The result should be the lines from the one holding "Grès blanc et glaçure mate de couleur sable." to the final line of the records, retyped exactly.

[Data excerpts]
---------------

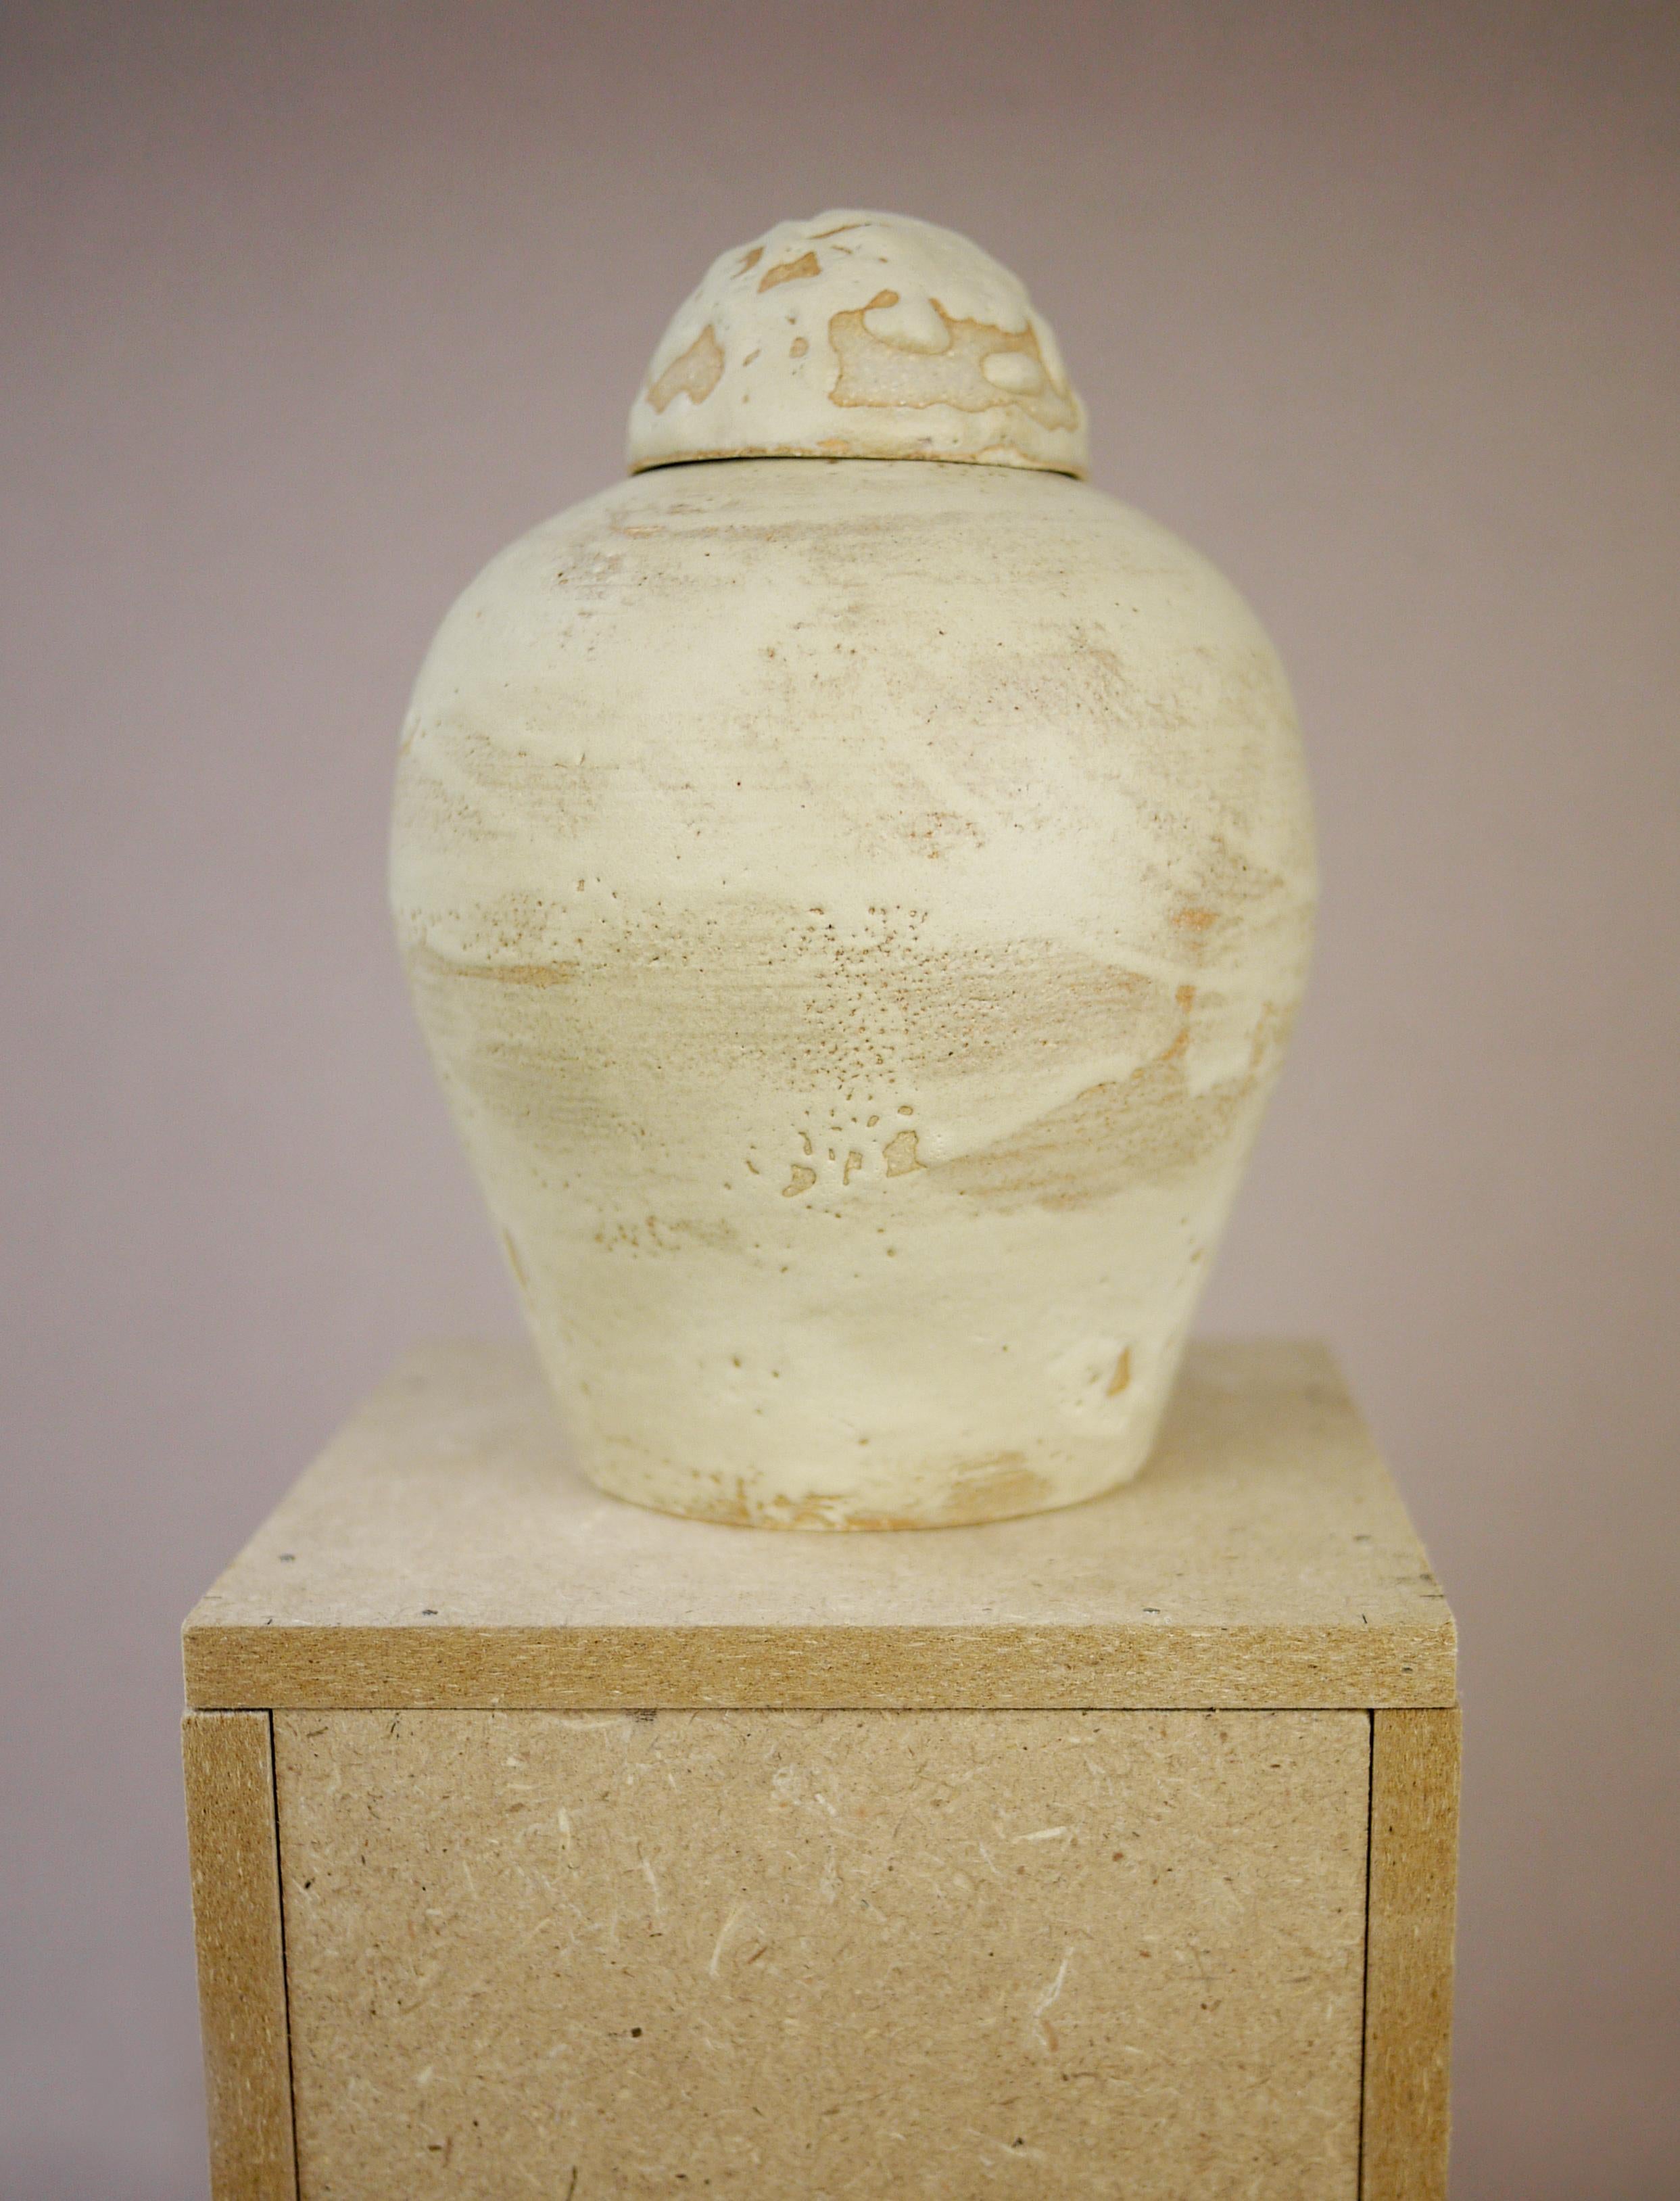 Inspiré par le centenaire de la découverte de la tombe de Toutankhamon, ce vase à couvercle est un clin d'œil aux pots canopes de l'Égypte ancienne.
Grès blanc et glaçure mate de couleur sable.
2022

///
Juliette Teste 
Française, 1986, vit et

---------------

• _Solution to this exercise_:
Grès blanc et glaçure mate de couleur sable.
2022

///
Juliette Teste 
Française, 1986, vit et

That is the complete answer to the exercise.